A CPS statement thought experiement

Its been a while since I ranted about the CPS position statement regarding decision making around extremely preterm delivery. But I am currently in Europe where certain countries have specific thresholds for willingness to provide intensive interventions, thresholds which are somewhat more rigid than the guidelines of the CPS, which are often ignored. This made me think (dangerous I know) about what justification you could have for giving a specific threshold in completed weeks of gestational age below which stabilization and active intensive care for an extremely preterm baby would not be offered.

I think that for such an approach to be rational you would need 2 things, you would need to be able to know the gestational age with certainty, and you would also need to show that there was some substantial change in outcomes (survival or another outcome that you thought was important) at that precise moment. Then you could justify intervening at say 24 weeks and 0 days, but not at 23 weeks and 6 days. Or using the threshold of the CPS position statement, be sometimes willing to offer intervention at 23 weeks and 0 days, but never at 22 weeks 6 days.

We know that the second criterion is not satisfied, there is no step-wise change in outcomes at any particular date, and certainly not at the end of an arbitrary 7 day cyclical period known as a week.
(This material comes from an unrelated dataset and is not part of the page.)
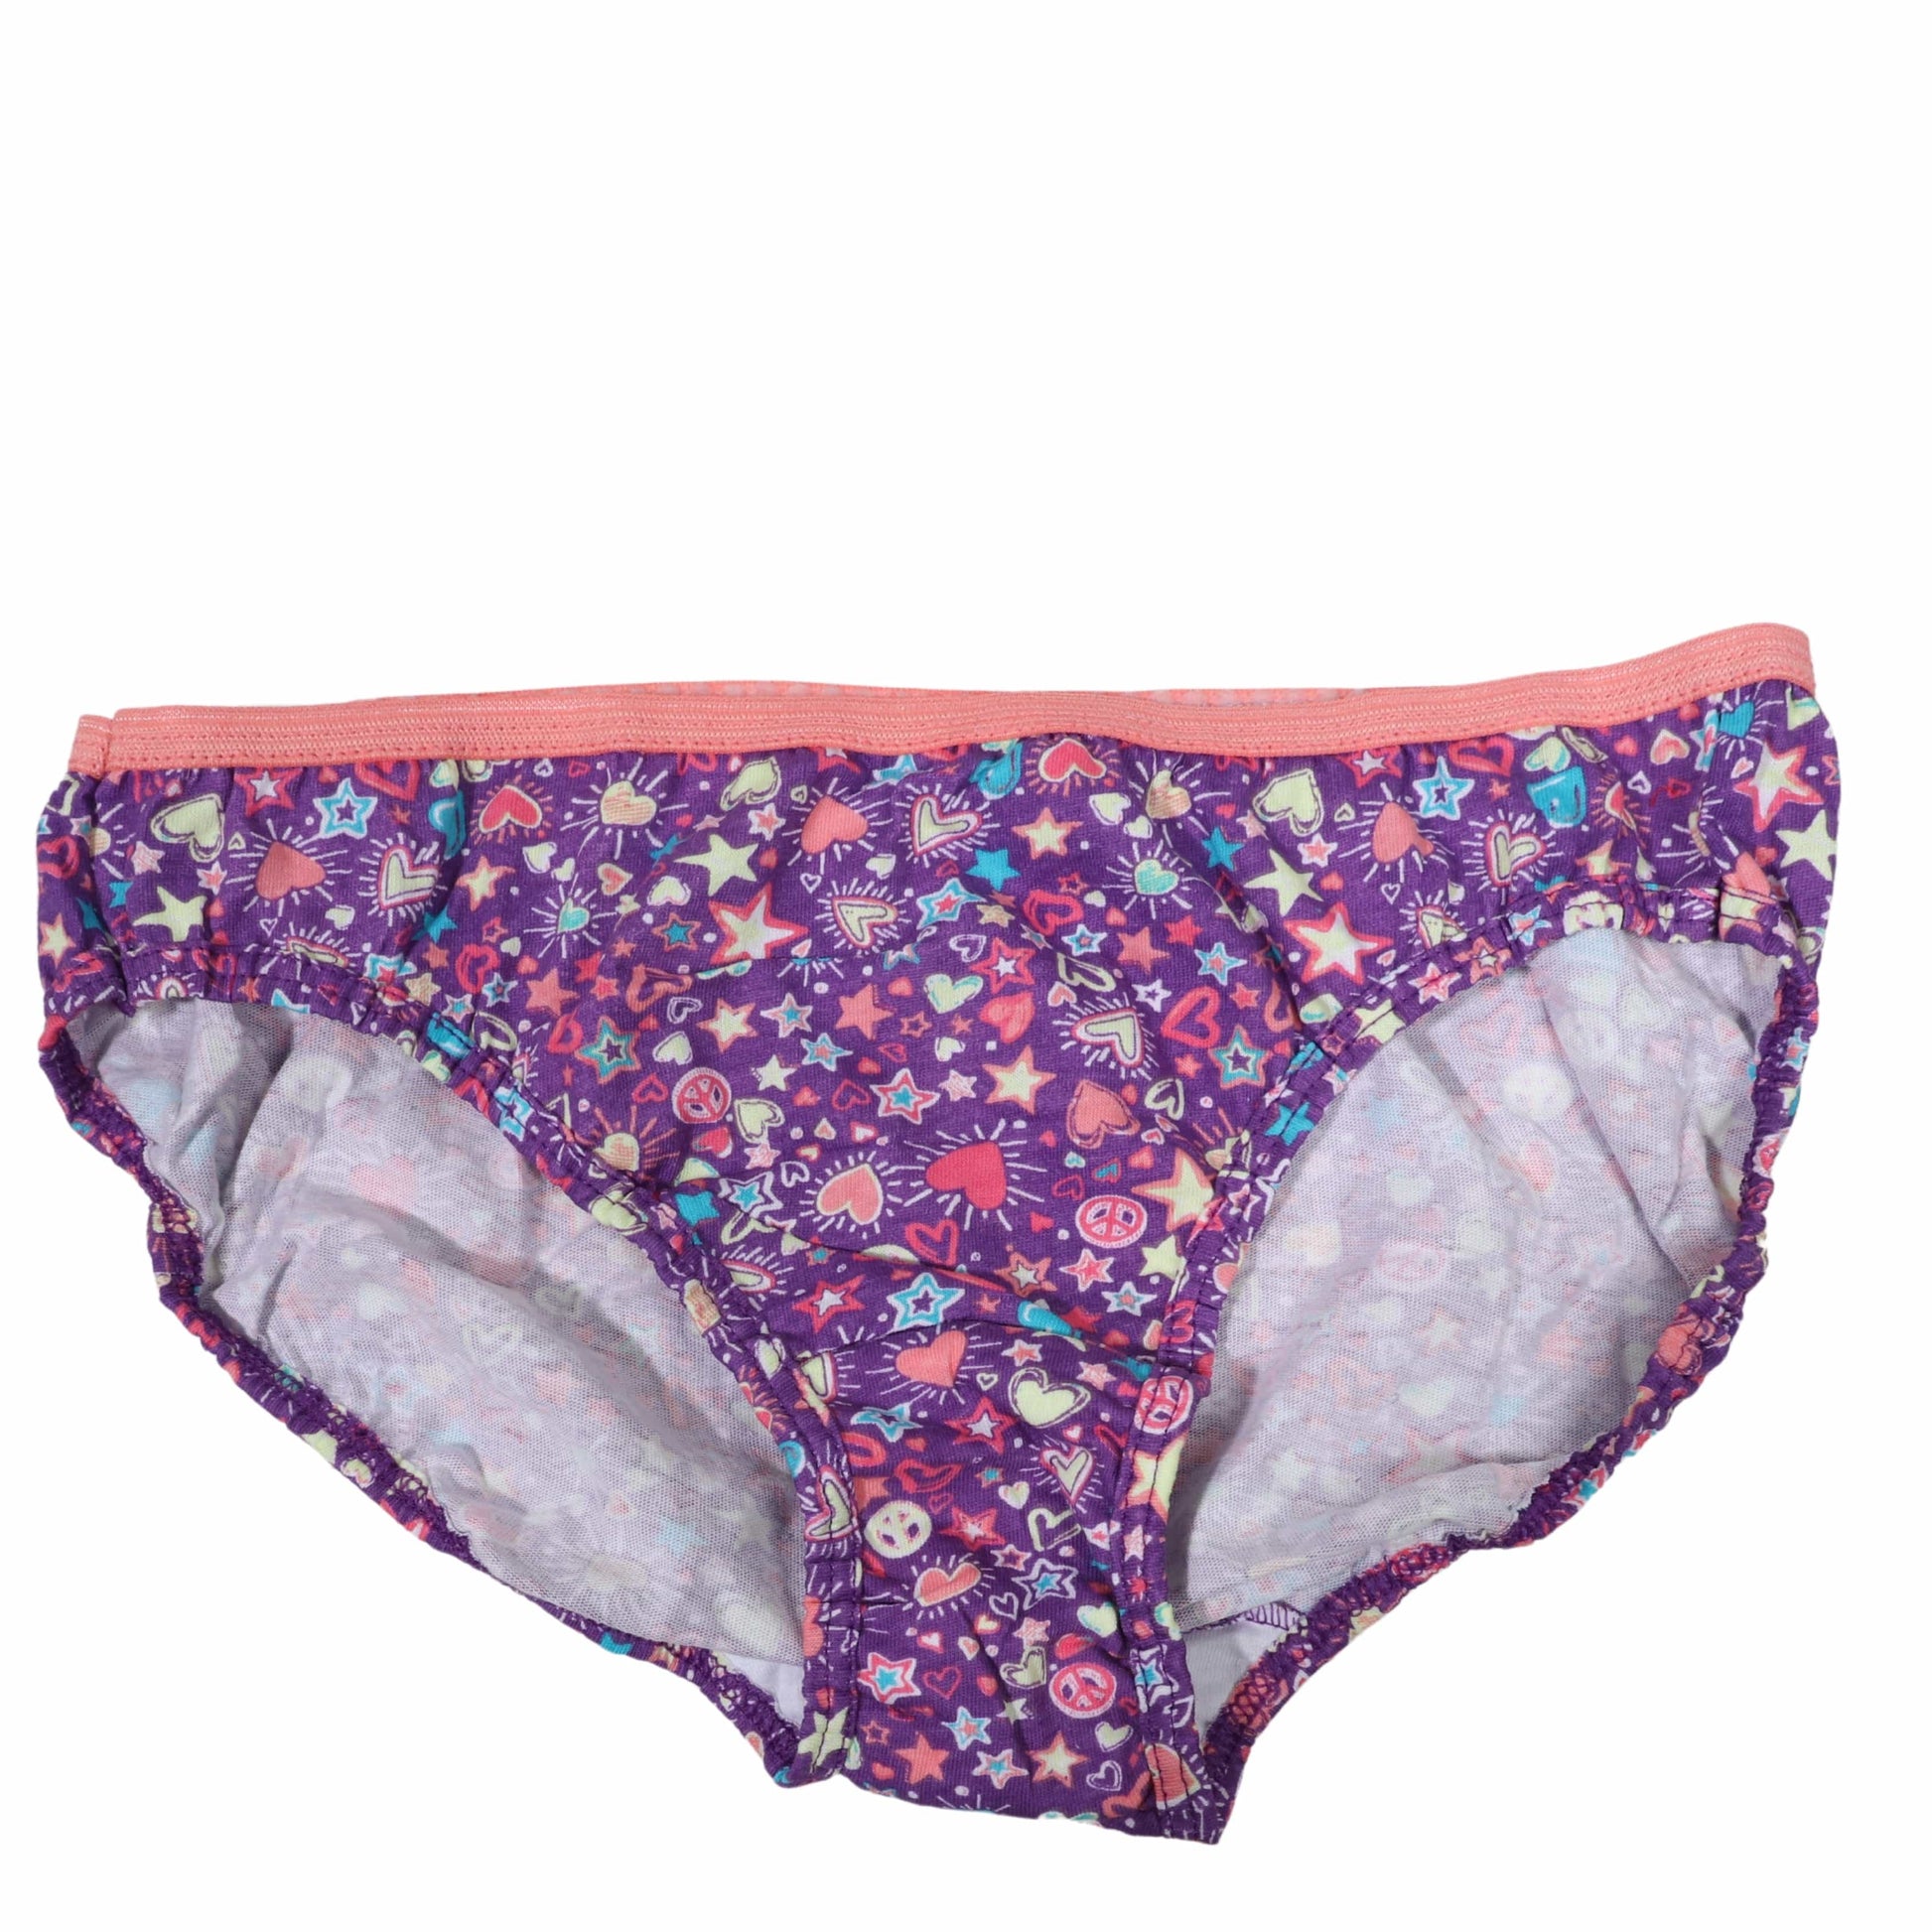 https://brandsandbeyond.me/cdn/shop/products/hanes-girls-underwear-hanes-casual-printed-panties-31039790678051.jpg?v=1670336589&width=1946

There is a gradual progressive change in survival with advancing gestational age, and major effects of birth weight, sex and other variables. In contrast there is little or no effect of gestational age on long term neurodevelopmental outcomes among survivors.

Which led me to think of the following story:

Suppose a mother pregnant with twins following IVF was in threatened labour. She has passed 22 weeks, and has been seen by the neonatologist. She wishes institution of intensive care, but is told by the neonatologist that it is not an option before 23 completed weeks; the consensus of the hospital where she is being looked after is that they should follow the CPS guidelines, and be prepared to intervene actively at 23 weeks, (but only after the mother has had the litany of possible negative outcomes related to her), whereas prior to 23 weeks, life-saving interventions are not offered.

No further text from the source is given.